David Arkin, a digital media consultant with 25 years of experience in media, presented an Indiegraf Webinar on newsletter strategies that not only will help you captivate your audience but also boost your revenue. Known for audience leadership, he has a proven track record of driving audience growth and revenue.

Arkin, former content leader at GateHouse Media and named Digital News Innovator of the Year by the Local Media Association, now runs David Arkin Consulting, which offers services in digital leadership, branded content, and social media.

“Why are newsletters so important today?” says Arkin. “They are a very clear path to loyalty and revenue, and I think they’re one of the safer places to play and to build first-party data.”

Want more than just the recap? Get the full recording of David Arkin’s webinar and dig into the details behind each newsletter strategy.

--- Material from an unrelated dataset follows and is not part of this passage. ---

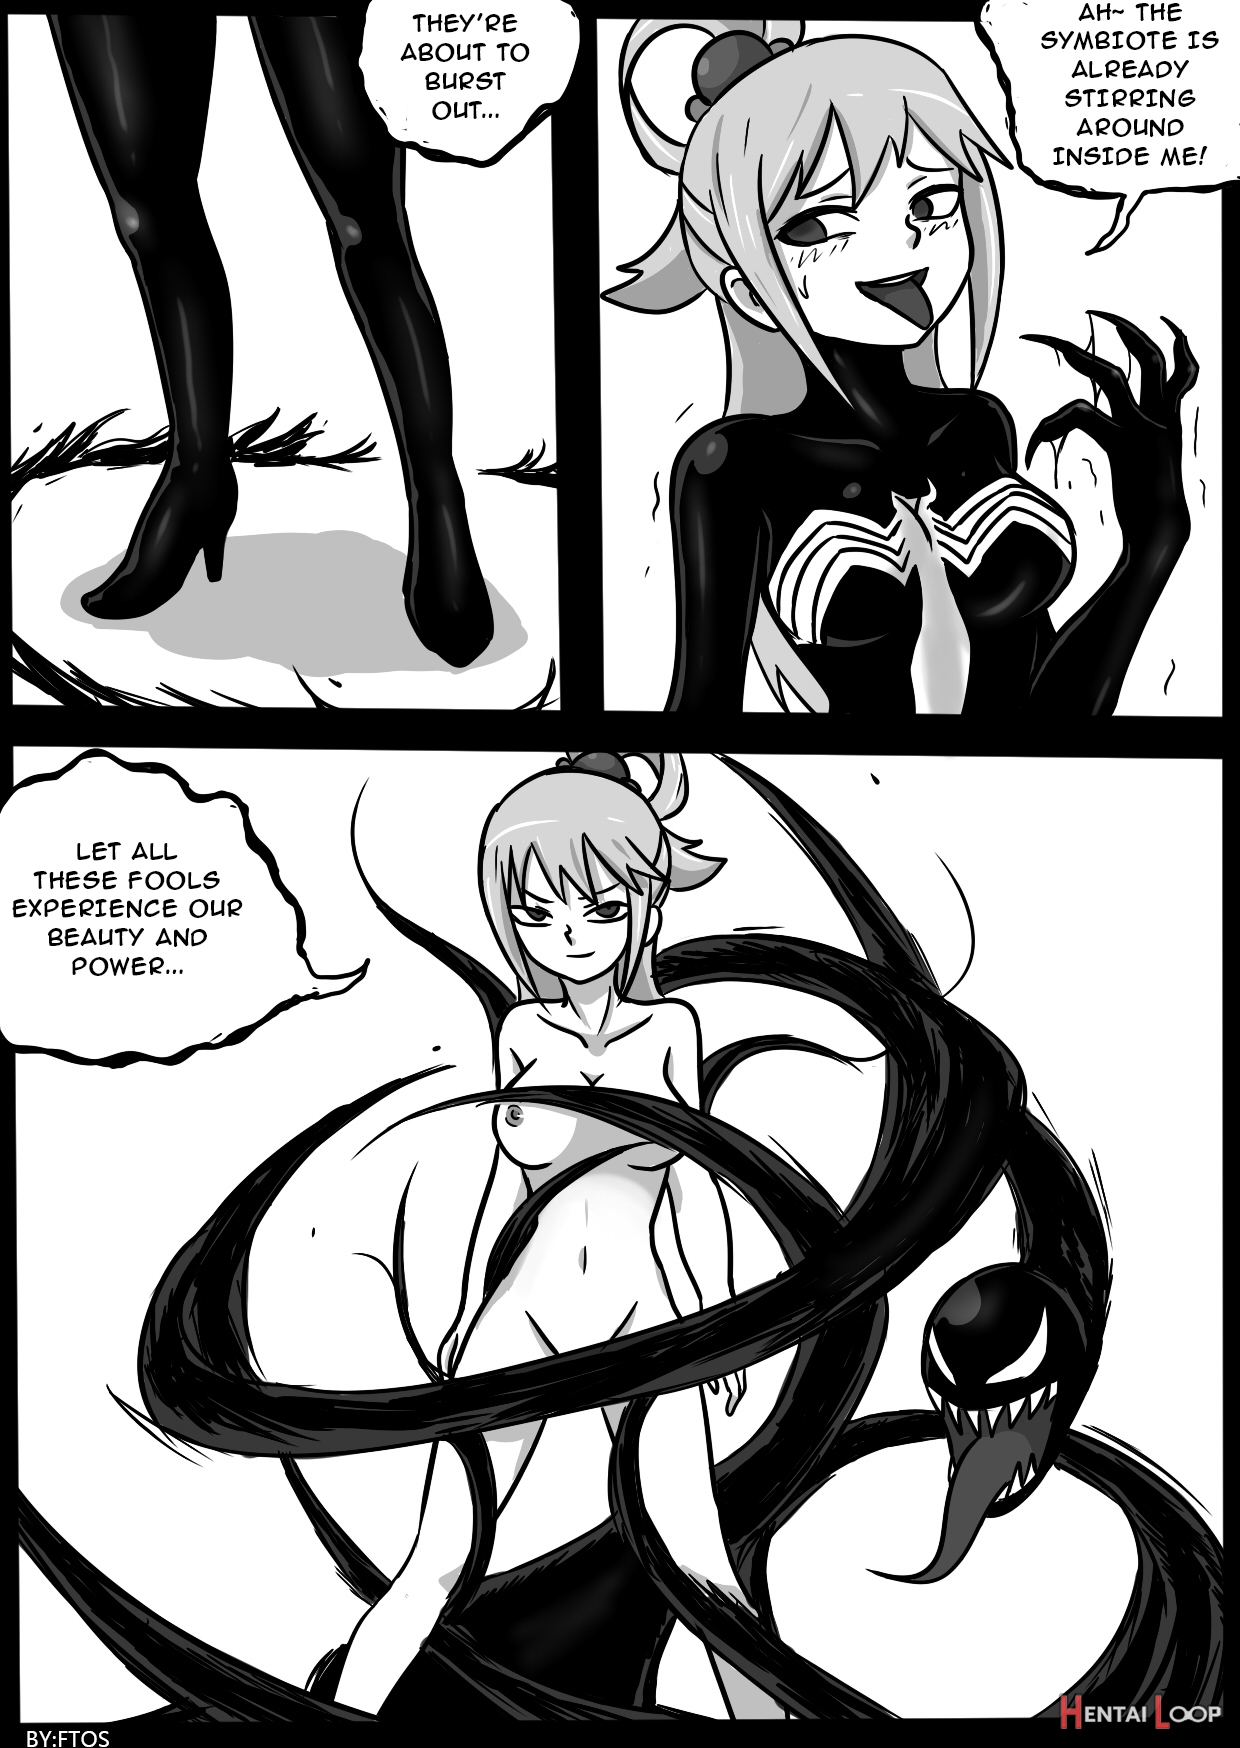 Spreading Venom On This Wonderful World page 37

Webinar promotional image featuring David Arkin, CEO of David Arkin Consulting, titled 'Newsletter Content That Converts' as part of Indiegraf Webinar Sessions. The session focuses on newsletter strategies for audience growth and revenue.

Here are five takeaways from the session to help journalists and publishers grow their newsletters.

1. Optimize CTAs to Drive Action in Your Newsletter

Various on-site strategies can significantly enhance email sign-up rates. Providing a clear call-to-action coupled with a compelling reason to subscribe is crucial. The overall tone and messaging should align with your brand identity and target audience.

As well, it’s important to be clear about what subscribers will receive. CTAs should use friendly and inviting language to further encourage sign-ups and place themselves prominently.

For contests, integrating an email collection mechanism within the submission process is essential for list growth. Leveraging social media through paid campaigns can be an effective avenue for generating email sign-ups. A successful approach often focuses on providing valuable content. This content should encourage people to sign up to access it.

2. Write Content That Converts Readers Into Supporters 

To encourage donations and membership, create content that connects with your audience. This will inspire them to support your mission. Consider these key characteristics:

  • Decide the kind of stories that are right for your brand: Align your content strategy with your organization’s values, mission, and target audience. Determine the types of narratives and topics that will authentically represent your work and resonate with your supporters.
  • Develop a planning process that helps identify the stories: Implement a system for brainstorming, researching, and developing compelling stories that align with your fundraising and membership goals. This might involve editorial calendars, regular content meetings, and dedicated resources for story development.
  • Try different topics and formats to see what resonates: Experiment with various themes, storytelling techniques (e.g., personal narratives, data visualizations, interviews), and content formats (e.g., articles, videos, podcasts) to understand what engages your audience most effectively and drives the desired outcomes.
  • Work on the language before the actual CTA: Craft compelling and persuasive language throughout your content to build an emotional connection and highlight the impact of supporting your organization. The CTA will be more effective if the preceding narrative has already motivated the reader.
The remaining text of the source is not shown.